歓談
「詳しい話、聞きたいよね」
ニヨニヨ笑うキハちゃんと頷き合って、社長と鈴木さんと陽斗くんが談笑している方に向かった。
「だからな、サワは俺の義妹に当たるんだよ。クレーム入れる時は、いっつもミワ経由で来るんだ。卑怯だろ?俺がミワに逆らえないの知ってるから、直接言わないんだ。反則だろ?」
サワさんは鈴木さんの事ですよね。ミワさんは社長の奥さんかな?つまり社長と鈴木さんは義兄妹!陽斗くん、鈴木さんと結婚したら幹部コース!これは応援しないと。
「社長、プライベートな話はこの場に相応しく無いかと思います」
鈴木さんが窘める。
「ちょっと位いいじゃねーか。大森もサワの本性、早目に知っておいた方がいいぞ」
「ミワ、今どこにいるかご存知ですか?」
「家だろ?」
突然、着信音が鳴り響いた。慌てて社長がスマホを取り出し、電話に出る。
「ミワ?今どこにいる?」
「とーなーりー!」
ミワさんが叫んだので、声がこちらまで聞こえてきた。
社長は電話を切ると、そそくさと部屋を出ていった。
「鈴木さんに説明を求めます」
私はツカツカと鈴木さんに歩み寄った。
「この人数の採用っておかしいですよね?何か裏がありませんか?」
「詳しいことは今は話せません。でも、ブラック企業によくある『離職者見越して大量採用』ではないので、そこは安心してください」
一番心配していた事はキッパリ否定してもらえたので少しホッとする。
じゃあ次は陽斗くんだね。
「大森さんは鈴木さんのどこに惹かれたのですか?」
話題は何でも良かったんだけど、陽斗くんと会話してみたかったので鈴木さんの印象を聞いてみた。
「あぁ……ぐみちゃん。陽斗でいいよー。

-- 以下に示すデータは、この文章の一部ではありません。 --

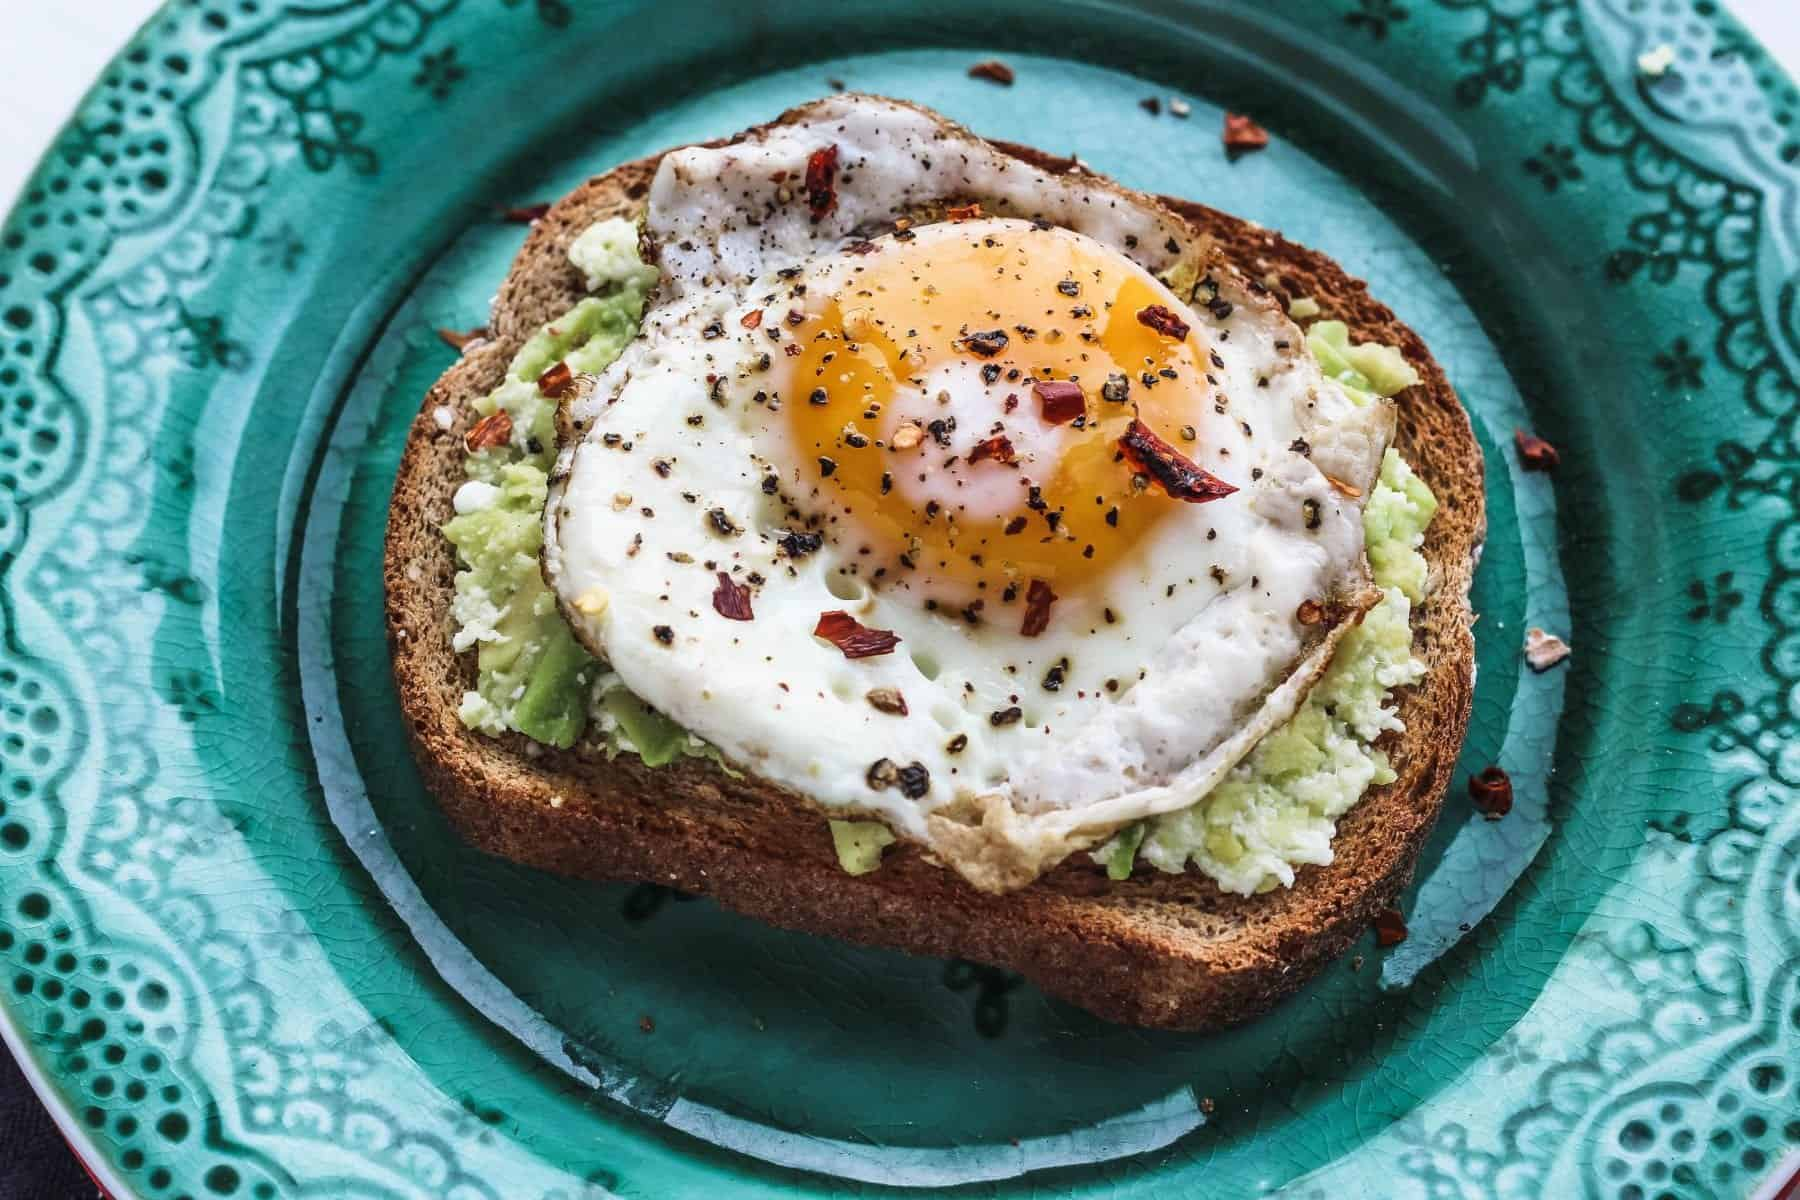 Avocado Toast with Fried Egg, Avocado Toast with Egg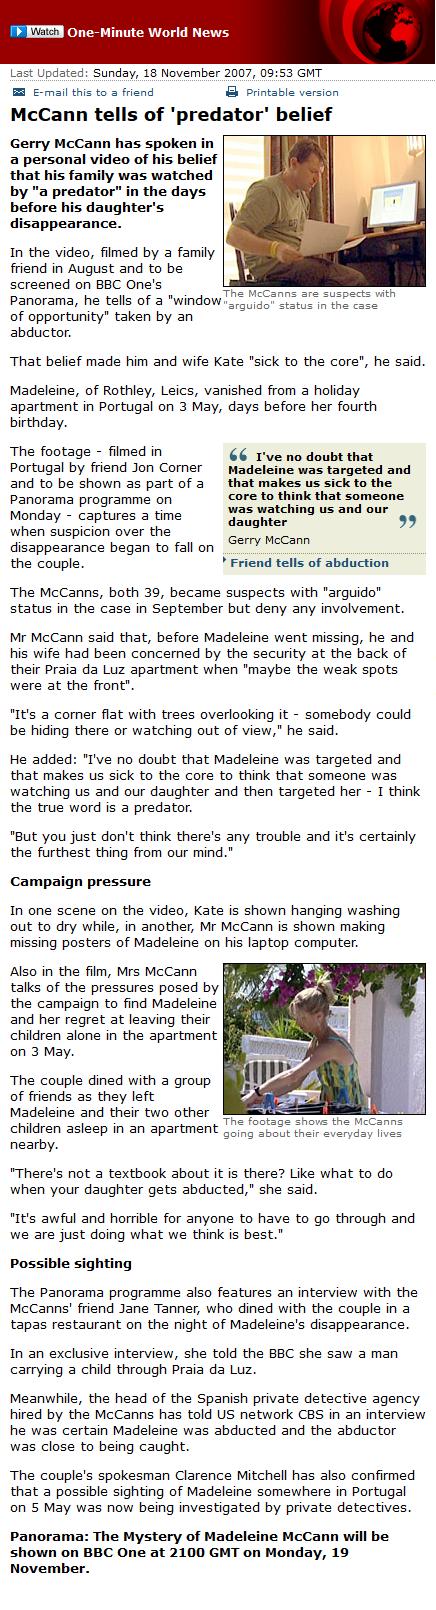 Media Mayhem - MCCANN MEDIA NONSENSE OF THE DAY - Page 31 Scree149

鈴木さん、行動力あ……」
「さ!わ!」
鈴木さんが叫ぶ。
「サワちゃん行動力あるじゃん?あんなに真っ直ぐに好意をぶつけられた事無かったから嬉しかった」
ふむふむ。
「あと社長の親戚っていうのも社内で有利に立ち回れそう、って思って」
まぁ、思いますよね。正直にソレ言っちゃう人少ないと思いますけど。
小一時間お話しして陽斗くんの人となりは分かった。
よし、次、愛莉ちゃん行ってみよー!と思って会場を見回すが、愛莉ちゃんの姿は見当たらない。隣にいたキハちゃんに、
「愛莉ちゃん知らない?」
と聞くと、
「アレ……」
と、男子の集団を指さした。
あーー。自己紹介の彼氏募集で逆ハーレム錬成しちゃったんですね。今日は諦めよう。またどこかで会うでしょ。
名前がわかる人は……っと、美咲ちゃんが一人でホットドッグを頬張っている。
「美咲ちゃんに声かけに行くけど、一緒に行く?」
キハちゃんに尋ねると、
「行く行く!イケメンだよねぇ。メンじゃないけど」
二つ返事で同行してくれた。
「美味しいですか?」
美咲ちゃんにカルーく声を掛ける。
「おいしいれふぅ」
あれ?イケメンキャラ崩れてる。
「彼女います宣言したら、男の子からも女の子からも声掛けて貰えなくて困ってたんです」
あーー。
「ぐみさんとキハさんですよね。お二人共インパクト強かったので、お名前覚えてますよ♪」
「「ありがとうございます」」
「美咲さん……美咲ちゃんってお呼びしてもいいですか?」
「ハイっ!私もぐみちゃん、キハちゃんって呼びますね」
性的なお話を聞きたかった私は年齢制限に配慮してグッと堪えた。
「美咲ちゃんはココ入る前は何してたんですか?」
「普通の高校生ですよ。女子校でしたけど。男の人と話すの慣れてないので、今日から修行します」
女子校……ますますアッチ方面に興味が……。
「陽斗くんとかどうですか?カワイイ彼女ができたので安心ですよ」
「スキあらば話しかけようとしてるんだけど……陽斗くんはスキだらけなんだけど……」
三人が陽斗くんに注目すると、獣のような目をした鈴木さんと目が合った。
グルルルルルルル……って聞こえたような気がするんですけど!?
そろそろ懇親会終わらせたいのですが、登場人物が話し足りないようです。